■ **Provided data**
-- Opening Marker --

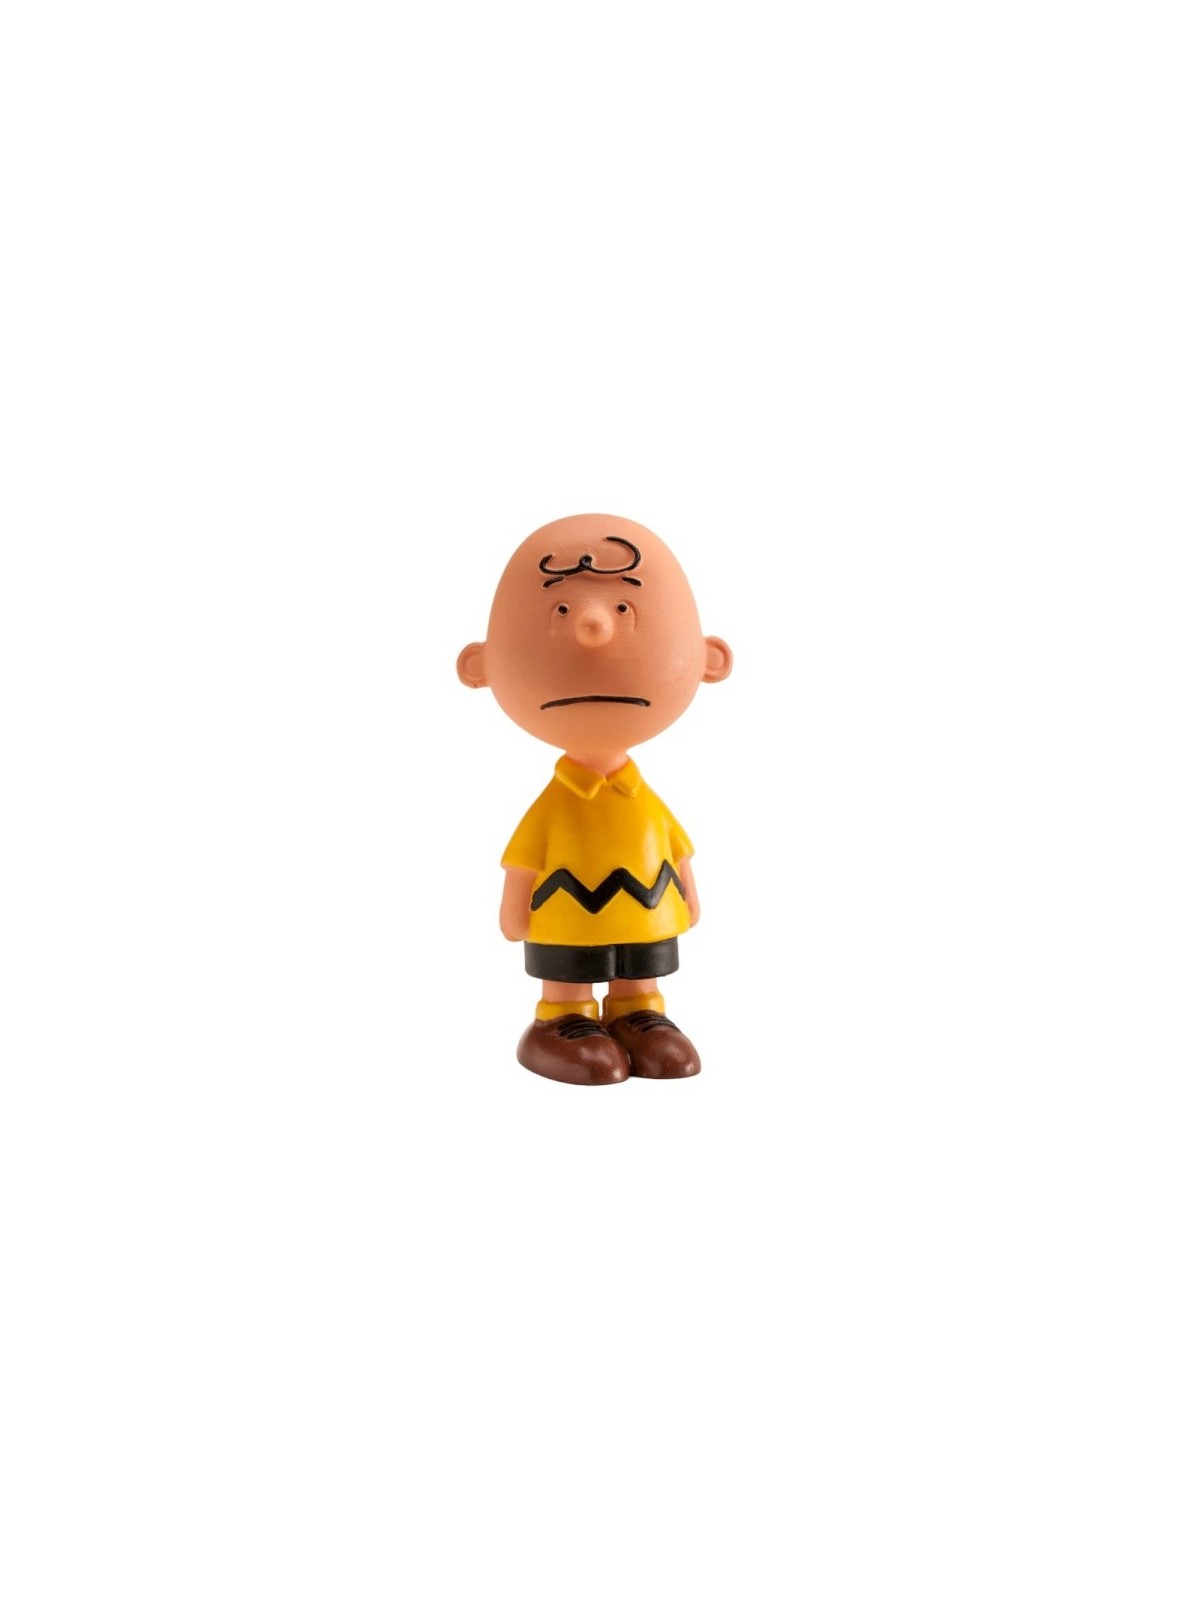 Dekorative Figur -  Snoopy  - Charlie Brown
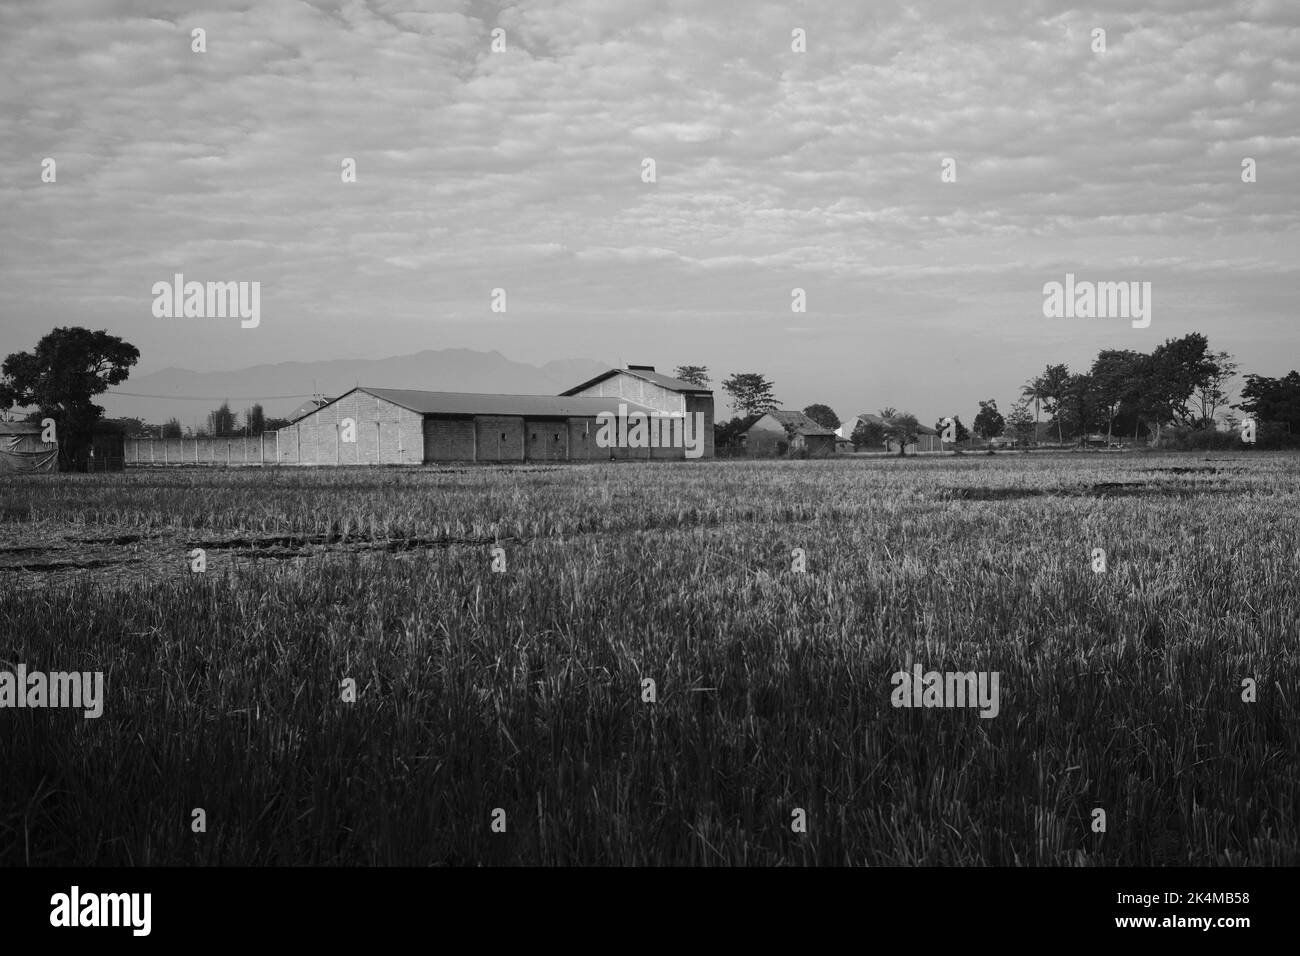 Entrepôt de riz, stockage et séchage du riz, champ de riz devant, photo monochrome, dans la région de Cikancung - Indonésie Banque D'Images
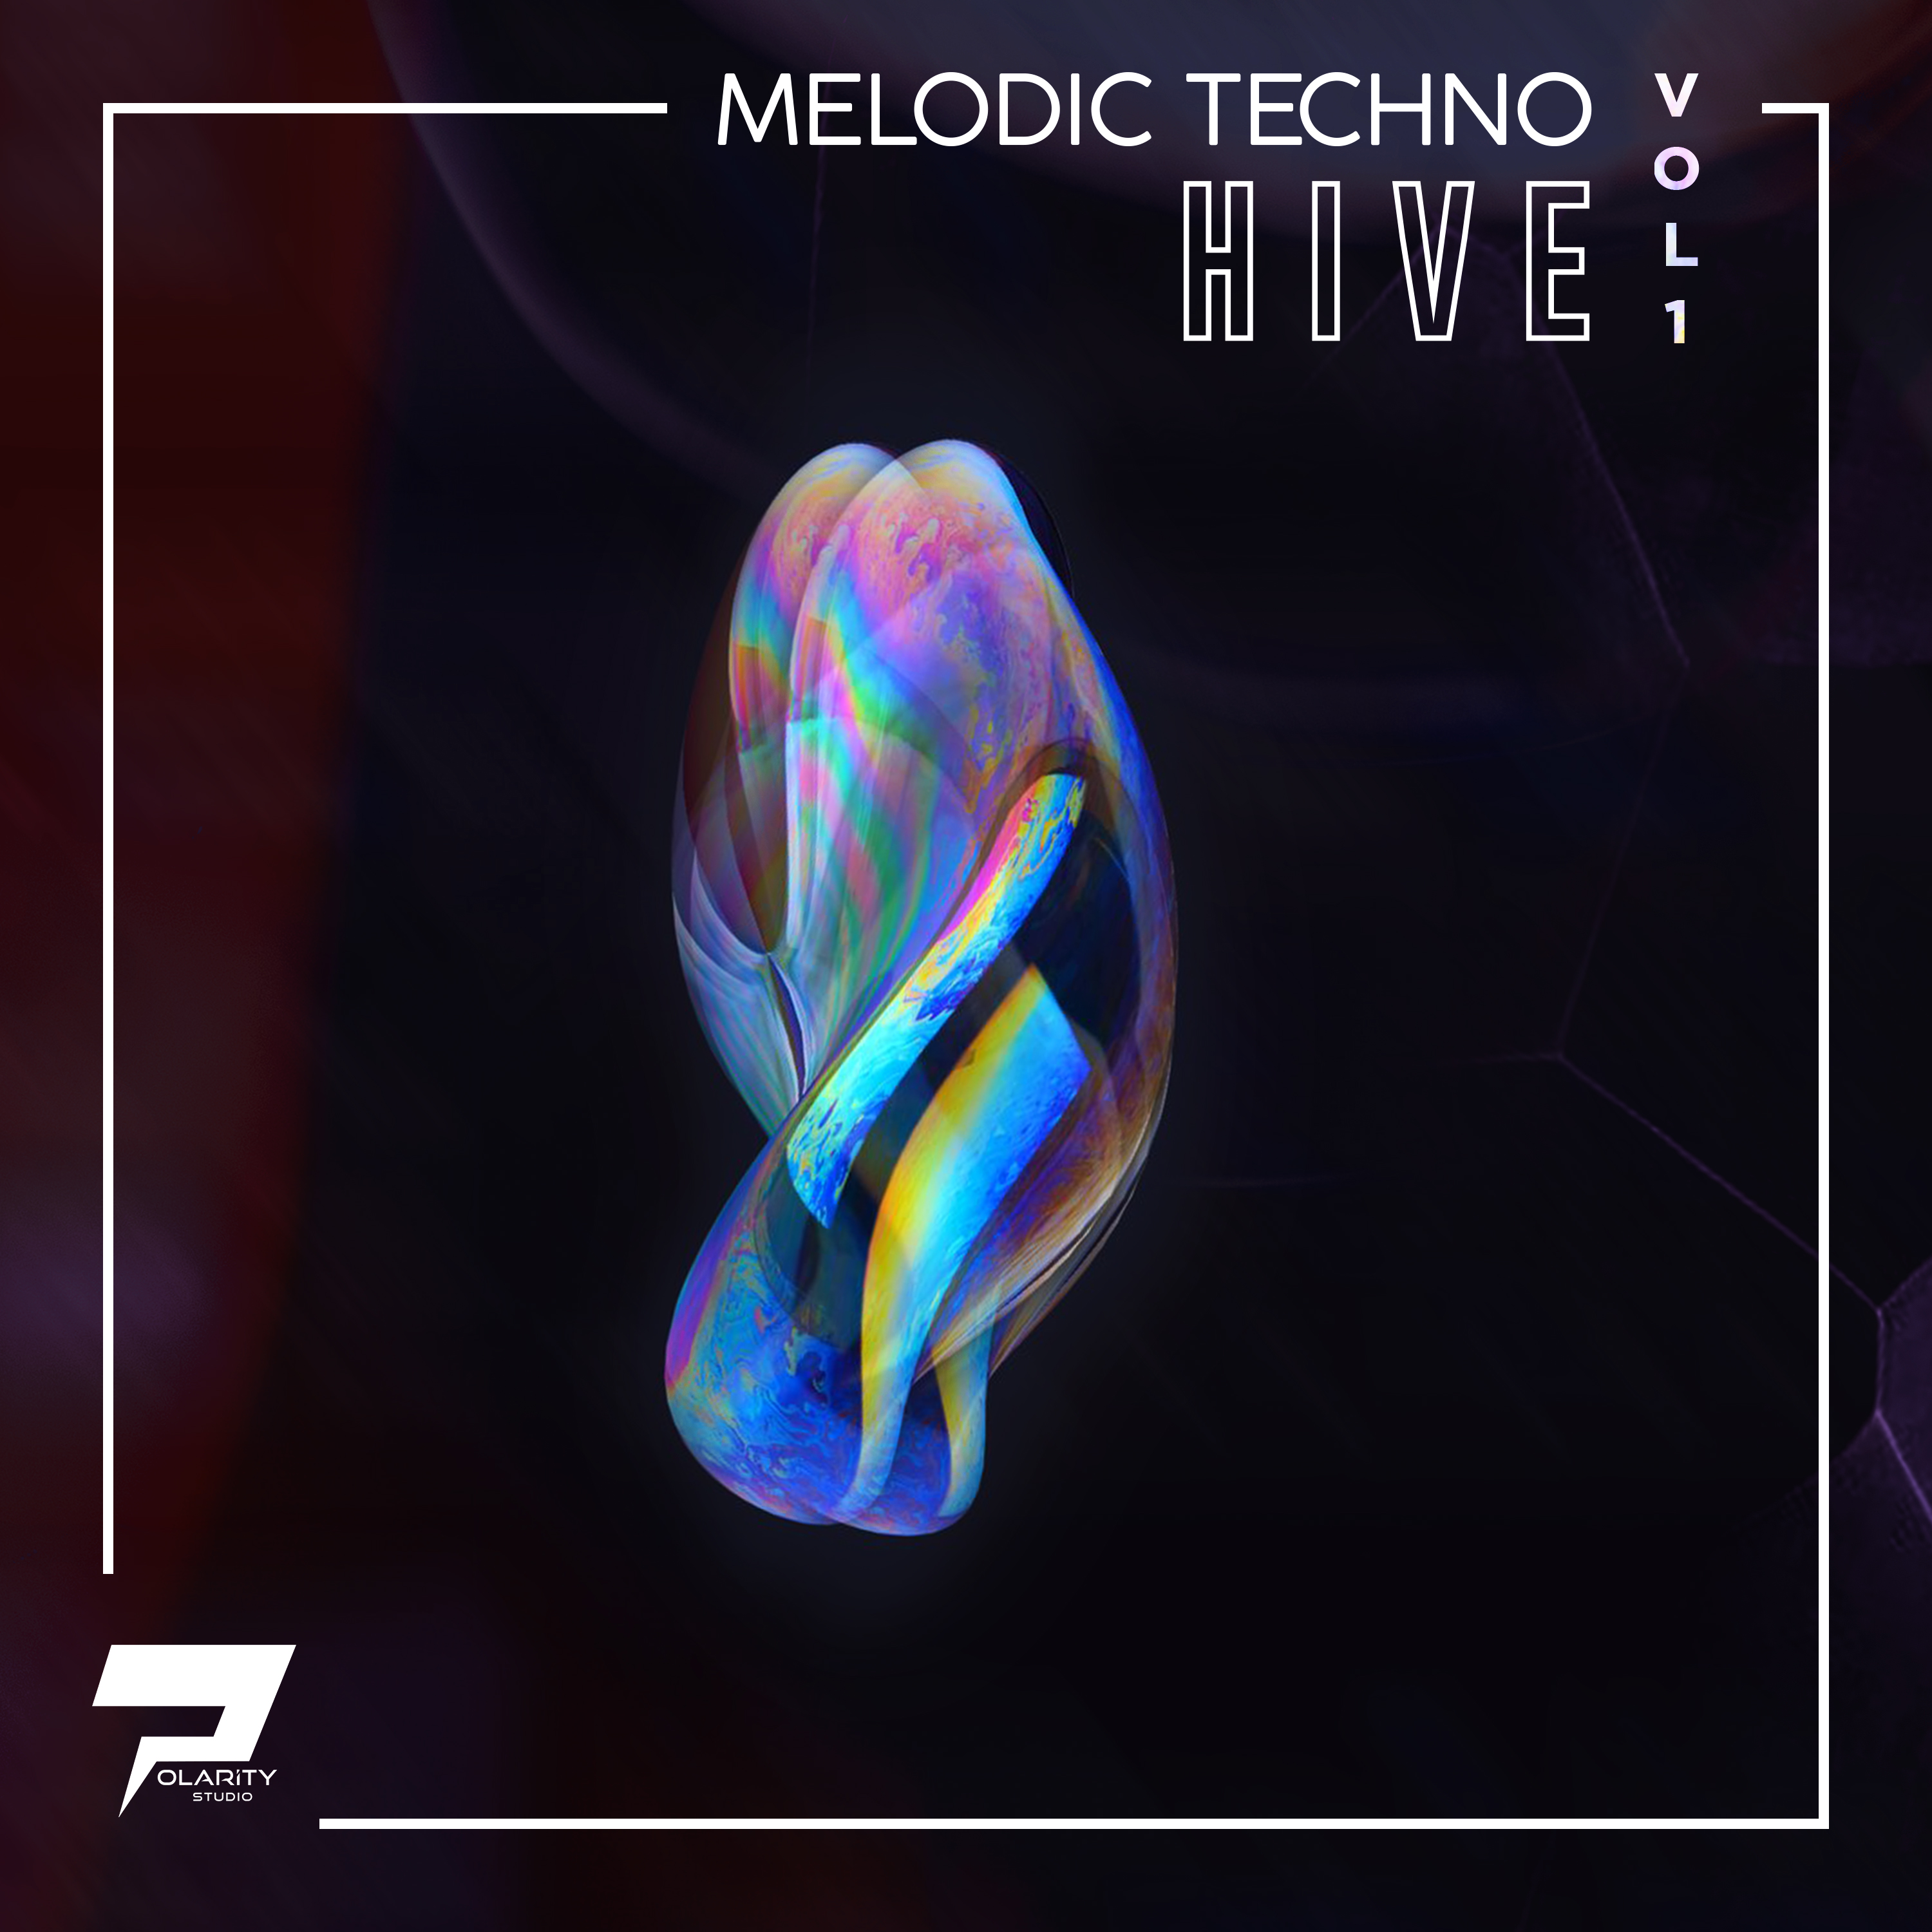 Polarity Studio - Melodic Techno - Hive 2 Vol. 1

-- Closing Marker --

■ **What the task requires**
Could you return the whole listing exactly, with every picture removed?

■ **Solution**
 Dekorative Figur -  Snoopy  - Charlie Brown
 Entrepôt de riz, stockage et séchage du riz, champ de riz devant, photo monochrome, dans la région de Cikancung - Indonésie Banque D'Images
 Polarity Studio - Melodic Techno - Hive 2 Vol. 1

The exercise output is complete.